Pero cuan equivocada estaba la perenne soñadora. Allí, mimetizados y agazapados, cual depredador al acecho de su presa,  persistían los viejos y nunca erradicados prejuicios. Los rencores. La intolerancia y el odio exacerbado a lo diferente. Y ahora, por añadidura, la envidia soterrada. Todo  estaba allí. Y aunque ahora en ocasiones y según en qué ambientes, velado bajo una pátina de elocuencia grandilocuente que pretendía querer justificar lo injustificable. Todo lo que había dejado al marchar, seguía allí. Y no es que en el  mundo de glamur en el que ahora vivía no coexistieran ese estado de cosas. Existía también individuos y grupúsculos intolerantes y xenófobos. Pero bajo un comportamiento comedido y barnizado todo ello bajo un capa de hipócrita educación y disimulo. Pero allí, en su lugar de origen, persistía tal cual se mostraba. Ahora aun quizá más brabucón y envalentonado.  Animado siempre por charlatanes de elocuencia superflua y sembradora de rencor y de odio. Y estos habladores, cultivadores de esa inquina exacerbada a lo diferente,  parecían haber proliferado como los hongos después de algunos días de vivificante lluvia otoñal.

 

-¡Está todo igual! –aseveró Aída decepcionada.

-¿Tú crees?

-¡No lo creo, lo afirmo!

-¡En que te basas para opinar así!

-¡Solo con ver las miradas! De reconvención unas. De indiferencia otras. De conmiseración las mas. Incluso algunas de asco mal disimulado.

 

-¡Yo creo que no has de ser tan suspicaz!

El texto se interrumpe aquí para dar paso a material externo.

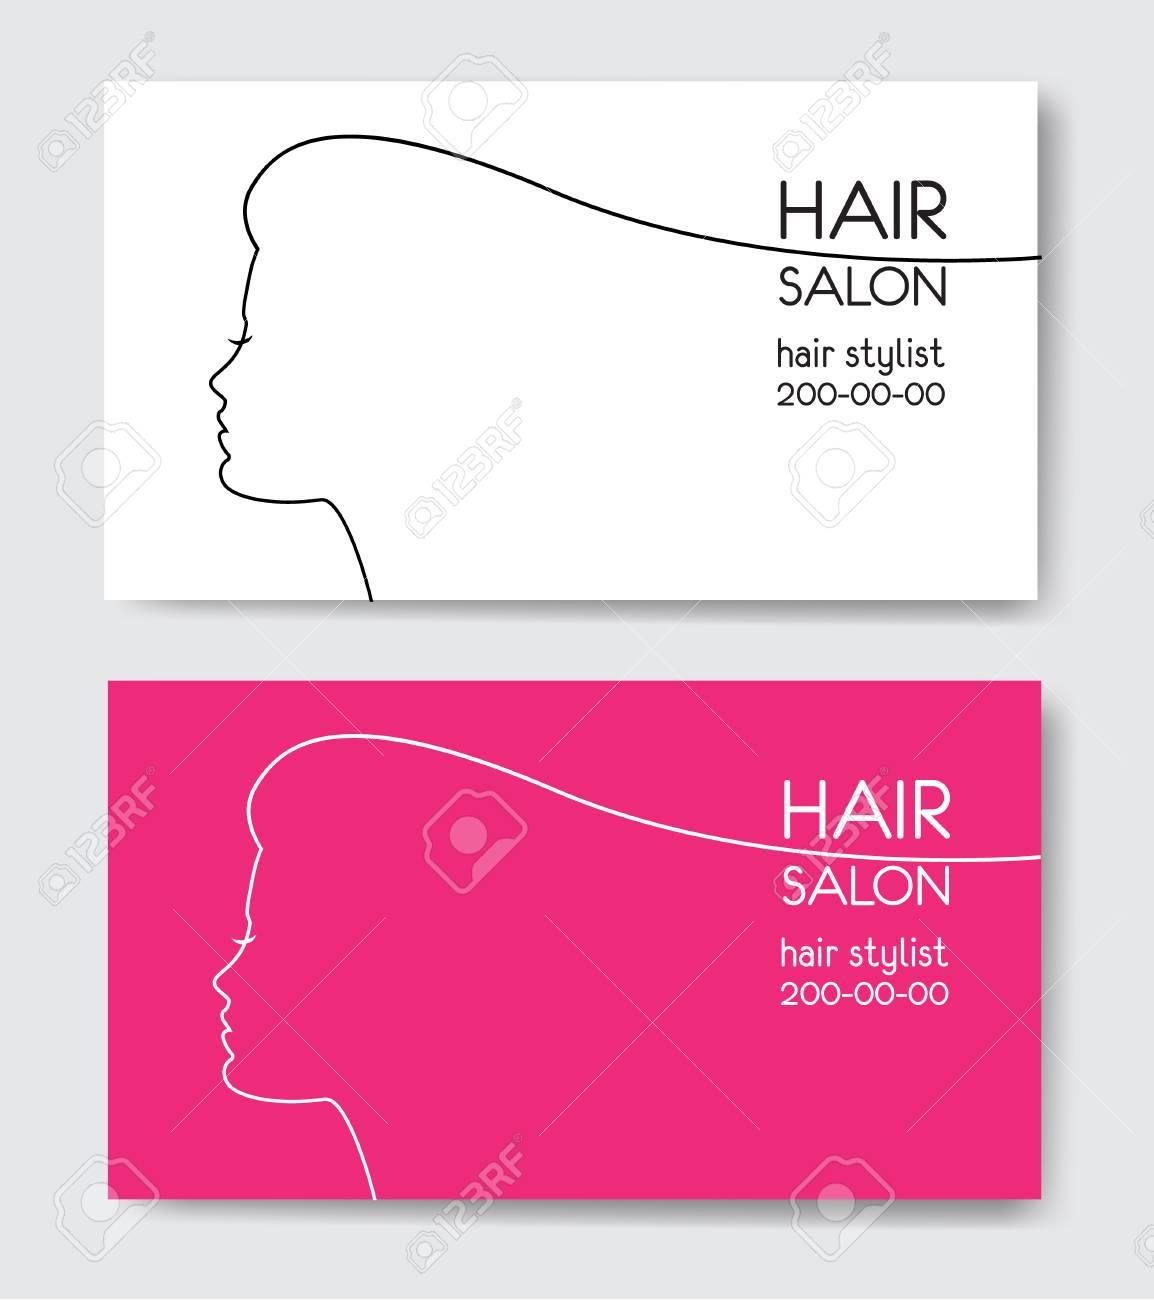 Hair Salon Business Card Templates With Beautiful Woman Face
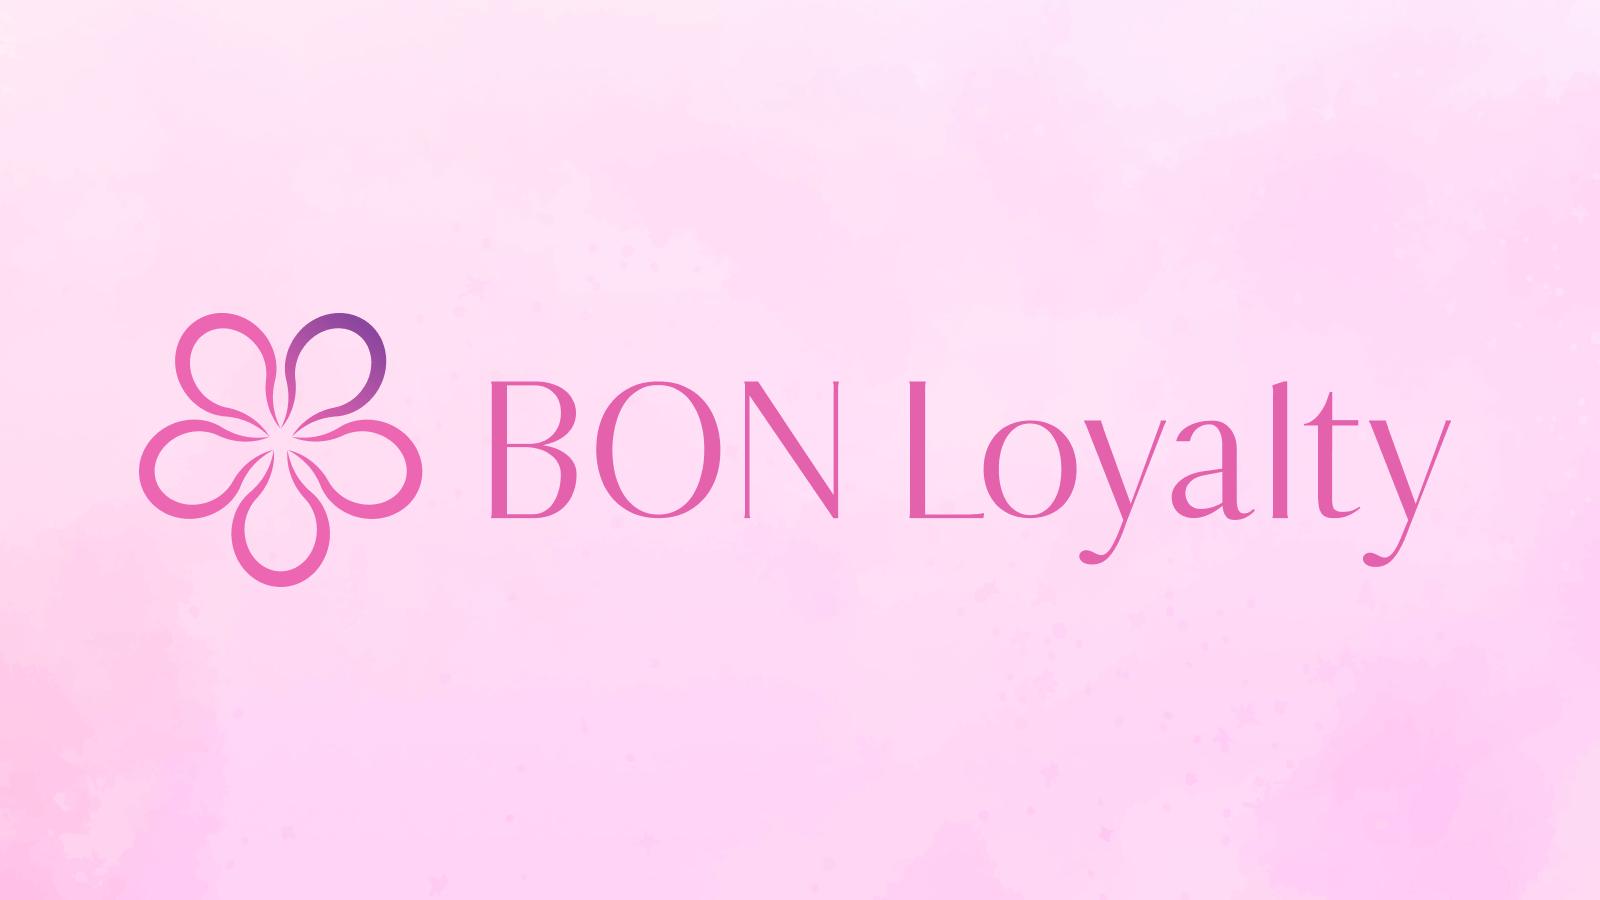 BON Loyalty introduction

-¡Como se nota que tú no has vivido lo que yo he vivido aquí!

-¡No te muestres tan pesimista, ni dejes que te condicionen tus recuerdos! –aconsejó su compañera intentando que Aida afrontara la situación desde una perspectiva lo más objetiva posible.

-¡Es algo paradójico! Cuando vivía aquí,  cada momento del día soñaba con marcharme lejos. Y cuando estuve lejos,  cada momento del día soñé con volver. -¿No te parecen un sinsentido todos mis sueños? ¡Adiós para siempre mi mundo de ensueños! –se despidió Aída con la desilusión dibujada en su mirada que no podía dejar de ser soñadora, pero que  ahora se mostraba a la vez desengañada y triste.